Implementation of the VAE-MDP framework introduced in the paper "Distillation of RL Policies with Formal Guarantees via Variational Abstraction of Markov Decision Processes" (AAAI-22). This framework allows (i) the variational abstraction of environments under which RL agents operate, as well as (ii) the distillation of their policy over the new abstract spaces learned, the two with verifiable bisimulation guarantees. These enable the application of formal methods and tools developped for discrete MDPs such as probabilistic model checkers.

Installation

We provide two conda environment files that can be used to re-create our python environment and reproduce our results:

environment.yml (using TensorFlow CPU)
environment_gpu.yml (using TensorFlow GPU)

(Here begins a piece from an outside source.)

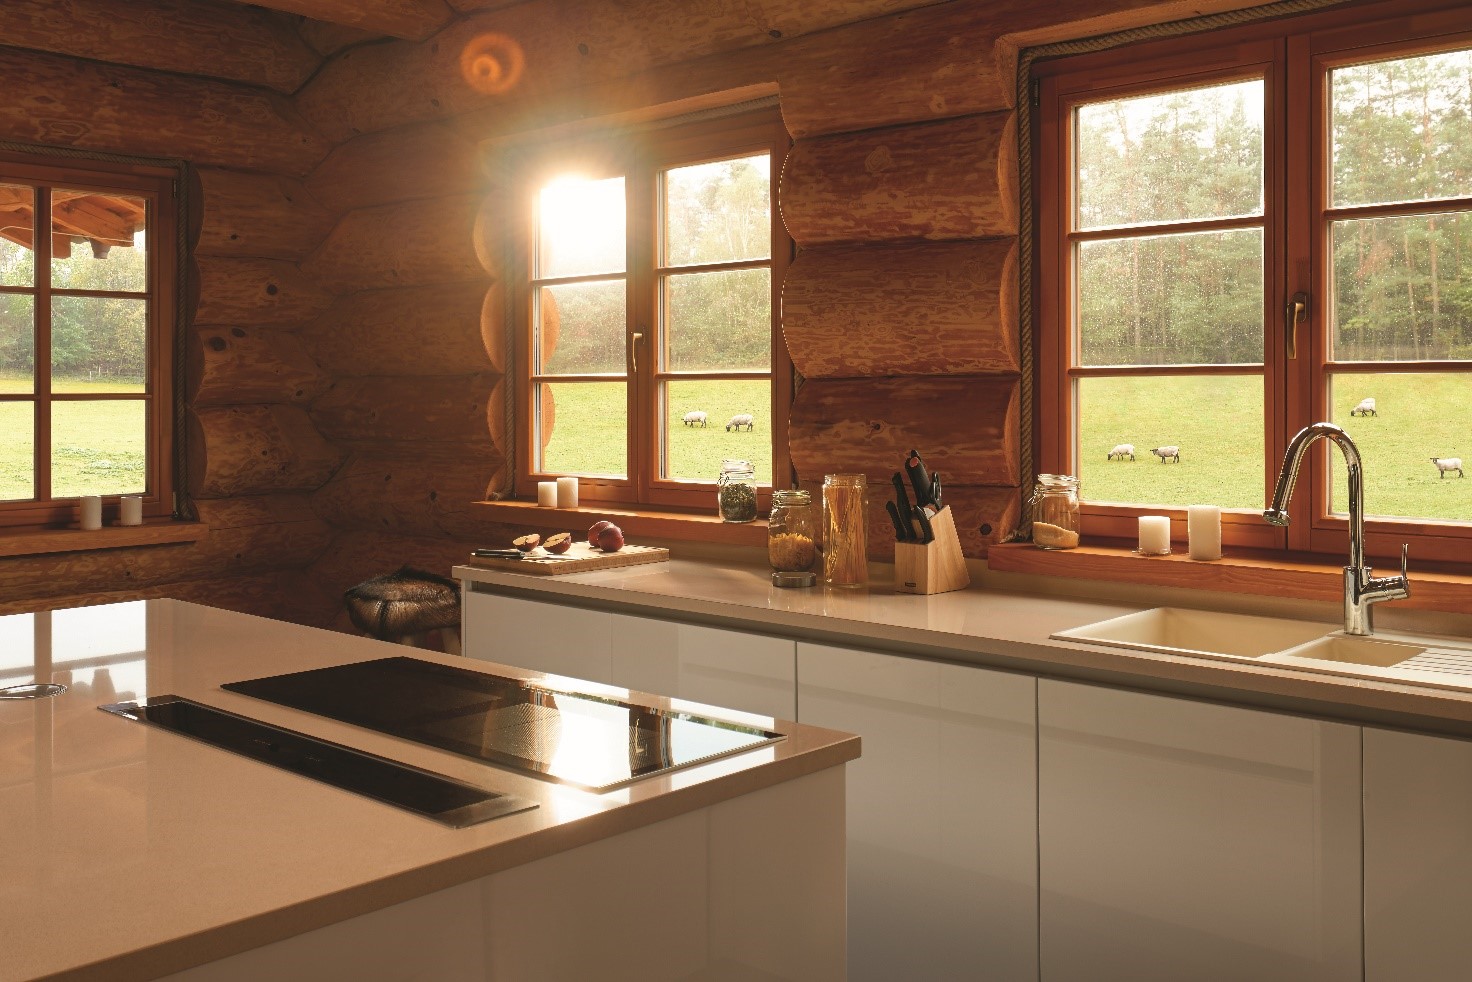 Bright creamy kitchen with TechniStone® kitchen countertop in a wooden log

These files can be found in the conda_environments directory and explicitly list all the dependencies required for our tool. Note that these conda environments have been tested with conda 4.10.1, under Ubuntu 20.04.2 LTS.

Note 1: We additionally provide these environments with build specifications removed from dependencies.
Note 2: reverb currently only supports Linux based OSes. Our tool can be used without reverb if you don't use prioritized replay buffers.

In the following, we detail how to create automatically the conda environment from the environment CPU file, but you can easily create an environment for GPU by replacing environment.yml by environment_gpu.yml.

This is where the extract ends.